_WORK ORDER_
Pick each line that has "Purple" out of the records.

Collected data entries

· · · ·

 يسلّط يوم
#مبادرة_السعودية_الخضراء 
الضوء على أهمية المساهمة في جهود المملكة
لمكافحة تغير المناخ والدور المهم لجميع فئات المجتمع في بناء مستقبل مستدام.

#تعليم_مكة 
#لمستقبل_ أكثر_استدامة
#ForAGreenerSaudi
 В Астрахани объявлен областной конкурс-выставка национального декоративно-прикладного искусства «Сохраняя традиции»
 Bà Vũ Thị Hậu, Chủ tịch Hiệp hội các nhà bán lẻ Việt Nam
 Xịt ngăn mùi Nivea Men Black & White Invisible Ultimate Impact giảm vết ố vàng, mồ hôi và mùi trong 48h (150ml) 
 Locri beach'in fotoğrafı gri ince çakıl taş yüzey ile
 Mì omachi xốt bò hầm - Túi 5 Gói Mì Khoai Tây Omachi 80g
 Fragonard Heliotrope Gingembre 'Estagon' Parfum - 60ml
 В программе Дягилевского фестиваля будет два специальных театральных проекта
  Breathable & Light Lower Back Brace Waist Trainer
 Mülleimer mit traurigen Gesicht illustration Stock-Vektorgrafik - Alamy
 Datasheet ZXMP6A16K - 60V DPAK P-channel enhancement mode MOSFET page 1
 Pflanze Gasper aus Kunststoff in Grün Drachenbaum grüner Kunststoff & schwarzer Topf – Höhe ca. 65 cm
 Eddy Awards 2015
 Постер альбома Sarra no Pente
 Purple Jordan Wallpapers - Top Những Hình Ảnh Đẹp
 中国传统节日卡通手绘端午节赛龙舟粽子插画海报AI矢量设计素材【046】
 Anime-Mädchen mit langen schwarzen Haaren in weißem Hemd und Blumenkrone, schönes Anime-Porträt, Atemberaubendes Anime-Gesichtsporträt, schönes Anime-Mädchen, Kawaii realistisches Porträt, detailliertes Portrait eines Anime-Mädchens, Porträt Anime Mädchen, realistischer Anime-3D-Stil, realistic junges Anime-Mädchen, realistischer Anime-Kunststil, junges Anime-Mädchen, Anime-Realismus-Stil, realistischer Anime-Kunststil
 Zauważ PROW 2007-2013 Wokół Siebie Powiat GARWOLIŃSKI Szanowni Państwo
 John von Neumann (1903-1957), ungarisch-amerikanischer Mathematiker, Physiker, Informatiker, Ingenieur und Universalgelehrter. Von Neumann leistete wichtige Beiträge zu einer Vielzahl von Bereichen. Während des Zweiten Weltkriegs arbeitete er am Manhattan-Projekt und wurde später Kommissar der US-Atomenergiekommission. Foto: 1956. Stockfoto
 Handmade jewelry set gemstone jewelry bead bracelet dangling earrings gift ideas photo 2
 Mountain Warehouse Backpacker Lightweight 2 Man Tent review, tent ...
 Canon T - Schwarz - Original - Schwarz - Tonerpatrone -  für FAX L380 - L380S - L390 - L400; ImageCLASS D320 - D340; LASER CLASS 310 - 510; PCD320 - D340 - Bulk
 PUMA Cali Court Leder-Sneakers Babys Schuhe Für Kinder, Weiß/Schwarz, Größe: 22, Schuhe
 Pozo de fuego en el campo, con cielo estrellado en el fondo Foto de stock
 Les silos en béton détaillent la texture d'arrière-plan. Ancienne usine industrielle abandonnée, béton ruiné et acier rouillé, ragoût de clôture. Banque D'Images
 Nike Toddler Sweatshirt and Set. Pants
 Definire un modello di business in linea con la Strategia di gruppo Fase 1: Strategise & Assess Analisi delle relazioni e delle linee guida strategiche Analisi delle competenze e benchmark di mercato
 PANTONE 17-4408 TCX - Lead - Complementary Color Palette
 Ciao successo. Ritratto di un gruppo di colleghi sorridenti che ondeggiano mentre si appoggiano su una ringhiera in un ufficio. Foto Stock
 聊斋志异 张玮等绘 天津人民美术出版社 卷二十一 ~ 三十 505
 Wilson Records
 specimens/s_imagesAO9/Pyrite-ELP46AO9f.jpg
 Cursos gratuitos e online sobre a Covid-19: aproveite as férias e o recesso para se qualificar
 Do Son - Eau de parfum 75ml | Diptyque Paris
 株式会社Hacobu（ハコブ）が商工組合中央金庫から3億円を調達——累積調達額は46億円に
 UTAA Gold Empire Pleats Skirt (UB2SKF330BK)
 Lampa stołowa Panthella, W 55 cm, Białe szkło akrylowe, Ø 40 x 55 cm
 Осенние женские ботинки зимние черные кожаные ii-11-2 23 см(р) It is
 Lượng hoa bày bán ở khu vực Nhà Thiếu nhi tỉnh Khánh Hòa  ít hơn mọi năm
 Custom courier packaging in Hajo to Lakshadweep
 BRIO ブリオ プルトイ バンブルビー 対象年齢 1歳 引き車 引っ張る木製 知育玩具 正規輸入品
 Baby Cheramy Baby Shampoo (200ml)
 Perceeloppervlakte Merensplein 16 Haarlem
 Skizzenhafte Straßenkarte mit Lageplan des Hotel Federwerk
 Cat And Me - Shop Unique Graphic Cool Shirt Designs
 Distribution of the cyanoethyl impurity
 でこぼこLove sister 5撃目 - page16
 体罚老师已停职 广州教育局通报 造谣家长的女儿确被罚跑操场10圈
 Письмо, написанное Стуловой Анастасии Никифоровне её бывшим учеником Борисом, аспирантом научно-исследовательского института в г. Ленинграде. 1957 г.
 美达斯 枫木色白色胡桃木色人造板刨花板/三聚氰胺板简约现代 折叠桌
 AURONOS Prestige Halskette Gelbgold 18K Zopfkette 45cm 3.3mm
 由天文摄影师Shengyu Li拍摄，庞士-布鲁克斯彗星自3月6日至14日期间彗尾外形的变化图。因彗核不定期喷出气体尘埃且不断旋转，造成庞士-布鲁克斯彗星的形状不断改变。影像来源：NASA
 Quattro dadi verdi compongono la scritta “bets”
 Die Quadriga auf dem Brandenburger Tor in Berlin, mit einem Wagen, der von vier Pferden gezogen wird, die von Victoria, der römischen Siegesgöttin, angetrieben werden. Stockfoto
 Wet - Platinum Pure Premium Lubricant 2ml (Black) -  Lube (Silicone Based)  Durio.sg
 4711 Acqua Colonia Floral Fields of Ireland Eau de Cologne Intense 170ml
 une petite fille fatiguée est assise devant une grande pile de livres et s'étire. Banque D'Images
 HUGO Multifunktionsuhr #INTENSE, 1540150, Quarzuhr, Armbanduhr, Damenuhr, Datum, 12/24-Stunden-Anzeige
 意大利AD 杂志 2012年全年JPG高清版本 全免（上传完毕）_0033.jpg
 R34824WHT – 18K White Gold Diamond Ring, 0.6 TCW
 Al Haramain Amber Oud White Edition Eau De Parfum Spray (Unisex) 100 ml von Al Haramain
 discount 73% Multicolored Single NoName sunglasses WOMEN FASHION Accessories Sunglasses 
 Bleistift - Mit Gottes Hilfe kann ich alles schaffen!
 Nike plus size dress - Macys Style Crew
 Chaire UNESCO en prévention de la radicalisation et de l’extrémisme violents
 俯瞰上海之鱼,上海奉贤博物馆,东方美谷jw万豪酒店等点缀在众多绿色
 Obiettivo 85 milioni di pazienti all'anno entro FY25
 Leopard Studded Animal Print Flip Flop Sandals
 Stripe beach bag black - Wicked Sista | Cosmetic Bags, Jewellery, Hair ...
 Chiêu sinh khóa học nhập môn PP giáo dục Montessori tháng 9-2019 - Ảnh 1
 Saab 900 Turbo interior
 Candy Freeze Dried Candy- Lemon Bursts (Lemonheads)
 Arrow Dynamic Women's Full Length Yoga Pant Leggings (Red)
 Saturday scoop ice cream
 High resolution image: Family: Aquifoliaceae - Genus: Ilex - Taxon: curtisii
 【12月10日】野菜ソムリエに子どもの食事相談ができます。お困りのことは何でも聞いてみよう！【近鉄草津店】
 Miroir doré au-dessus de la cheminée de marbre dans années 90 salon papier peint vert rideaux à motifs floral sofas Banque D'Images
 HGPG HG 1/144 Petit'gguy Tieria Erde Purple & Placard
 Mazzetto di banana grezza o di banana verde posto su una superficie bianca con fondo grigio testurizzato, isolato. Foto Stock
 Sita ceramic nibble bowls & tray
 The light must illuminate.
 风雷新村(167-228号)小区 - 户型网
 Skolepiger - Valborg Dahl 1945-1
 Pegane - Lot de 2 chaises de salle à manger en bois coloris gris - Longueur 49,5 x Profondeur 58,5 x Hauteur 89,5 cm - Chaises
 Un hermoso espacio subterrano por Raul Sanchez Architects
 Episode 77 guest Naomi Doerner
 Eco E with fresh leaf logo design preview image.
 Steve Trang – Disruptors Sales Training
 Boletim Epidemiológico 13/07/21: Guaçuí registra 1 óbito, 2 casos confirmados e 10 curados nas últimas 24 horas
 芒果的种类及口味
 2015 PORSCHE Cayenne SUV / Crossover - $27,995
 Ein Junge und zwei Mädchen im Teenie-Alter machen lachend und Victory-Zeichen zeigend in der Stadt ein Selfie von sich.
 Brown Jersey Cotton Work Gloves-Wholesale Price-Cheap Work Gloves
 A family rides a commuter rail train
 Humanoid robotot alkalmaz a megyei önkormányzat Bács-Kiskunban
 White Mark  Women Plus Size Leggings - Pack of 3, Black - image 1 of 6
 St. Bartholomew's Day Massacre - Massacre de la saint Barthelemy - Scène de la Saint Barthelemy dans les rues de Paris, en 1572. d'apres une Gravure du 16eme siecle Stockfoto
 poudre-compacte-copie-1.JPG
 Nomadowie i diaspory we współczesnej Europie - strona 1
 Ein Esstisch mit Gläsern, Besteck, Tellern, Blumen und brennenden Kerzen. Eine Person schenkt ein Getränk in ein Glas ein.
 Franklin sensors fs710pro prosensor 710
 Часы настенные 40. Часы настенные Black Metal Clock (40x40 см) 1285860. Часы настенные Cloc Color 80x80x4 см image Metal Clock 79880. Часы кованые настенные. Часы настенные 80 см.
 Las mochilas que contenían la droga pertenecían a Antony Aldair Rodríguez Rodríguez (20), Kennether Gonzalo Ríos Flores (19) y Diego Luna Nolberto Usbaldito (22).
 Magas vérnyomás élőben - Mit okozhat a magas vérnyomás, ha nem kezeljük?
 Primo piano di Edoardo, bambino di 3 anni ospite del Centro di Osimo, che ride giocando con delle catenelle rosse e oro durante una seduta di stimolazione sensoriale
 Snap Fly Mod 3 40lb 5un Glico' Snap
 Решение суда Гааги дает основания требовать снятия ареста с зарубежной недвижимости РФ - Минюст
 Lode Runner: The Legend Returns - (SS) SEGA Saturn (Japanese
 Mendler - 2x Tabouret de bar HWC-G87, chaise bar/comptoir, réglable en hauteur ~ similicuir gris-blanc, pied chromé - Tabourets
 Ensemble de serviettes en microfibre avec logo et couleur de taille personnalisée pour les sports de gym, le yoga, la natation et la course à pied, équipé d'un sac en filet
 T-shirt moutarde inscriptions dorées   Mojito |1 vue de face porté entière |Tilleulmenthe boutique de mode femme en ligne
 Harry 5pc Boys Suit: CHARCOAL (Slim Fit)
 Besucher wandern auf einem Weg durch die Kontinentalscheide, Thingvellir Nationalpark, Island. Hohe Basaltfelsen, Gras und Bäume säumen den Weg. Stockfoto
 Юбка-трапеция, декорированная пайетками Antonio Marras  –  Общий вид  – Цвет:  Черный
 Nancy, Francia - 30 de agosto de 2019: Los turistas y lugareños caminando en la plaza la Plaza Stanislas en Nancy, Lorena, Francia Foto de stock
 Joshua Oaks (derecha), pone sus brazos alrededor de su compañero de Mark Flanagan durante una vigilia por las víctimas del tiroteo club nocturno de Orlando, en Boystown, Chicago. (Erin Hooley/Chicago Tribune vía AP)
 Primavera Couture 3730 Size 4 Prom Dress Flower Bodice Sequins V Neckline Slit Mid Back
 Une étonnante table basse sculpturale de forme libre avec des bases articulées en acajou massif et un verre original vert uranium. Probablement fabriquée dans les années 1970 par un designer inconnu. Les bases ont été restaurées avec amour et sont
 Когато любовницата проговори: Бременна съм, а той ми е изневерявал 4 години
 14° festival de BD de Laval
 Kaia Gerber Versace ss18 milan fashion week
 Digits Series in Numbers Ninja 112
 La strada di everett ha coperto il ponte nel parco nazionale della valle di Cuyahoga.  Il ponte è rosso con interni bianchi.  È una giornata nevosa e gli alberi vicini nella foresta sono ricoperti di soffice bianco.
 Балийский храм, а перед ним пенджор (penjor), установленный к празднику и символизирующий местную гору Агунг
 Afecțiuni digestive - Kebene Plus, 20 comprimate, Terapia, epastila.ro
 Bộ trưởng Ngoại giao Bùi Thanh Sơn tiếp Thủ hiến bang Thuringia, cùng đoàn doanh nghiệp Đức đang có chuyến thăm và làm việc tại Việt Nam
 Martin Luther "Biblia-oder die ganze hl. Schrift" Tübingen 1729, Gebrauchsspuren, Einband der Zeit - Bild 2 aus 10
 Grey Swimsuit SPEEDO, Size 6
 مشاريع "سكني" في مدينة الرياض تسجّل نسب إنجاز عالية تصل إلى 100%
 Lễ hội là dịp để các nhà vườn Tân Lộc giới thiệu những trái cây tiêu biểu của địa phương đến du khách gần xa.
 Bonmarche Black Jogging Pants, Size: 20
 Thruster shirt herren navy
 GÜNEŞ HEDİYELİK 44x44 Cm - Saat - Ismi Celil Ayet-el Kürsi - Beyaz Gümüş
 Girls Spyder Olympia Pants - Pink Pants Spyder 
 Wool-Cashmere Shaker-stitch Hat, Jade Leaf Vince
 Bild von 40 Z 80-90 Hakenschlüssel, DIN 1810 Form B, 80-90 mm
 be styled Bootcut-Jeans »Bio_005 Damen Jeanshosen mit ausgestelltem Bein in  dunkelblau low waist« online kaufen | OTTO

· · · ·

_ANSWER SECTION_
 Purple Jordan Wallpapers - Top Những Hình Ảnh Đẹp
 HGPG HG 1/144 Petit'gguy Tieria Erde Purple & Placard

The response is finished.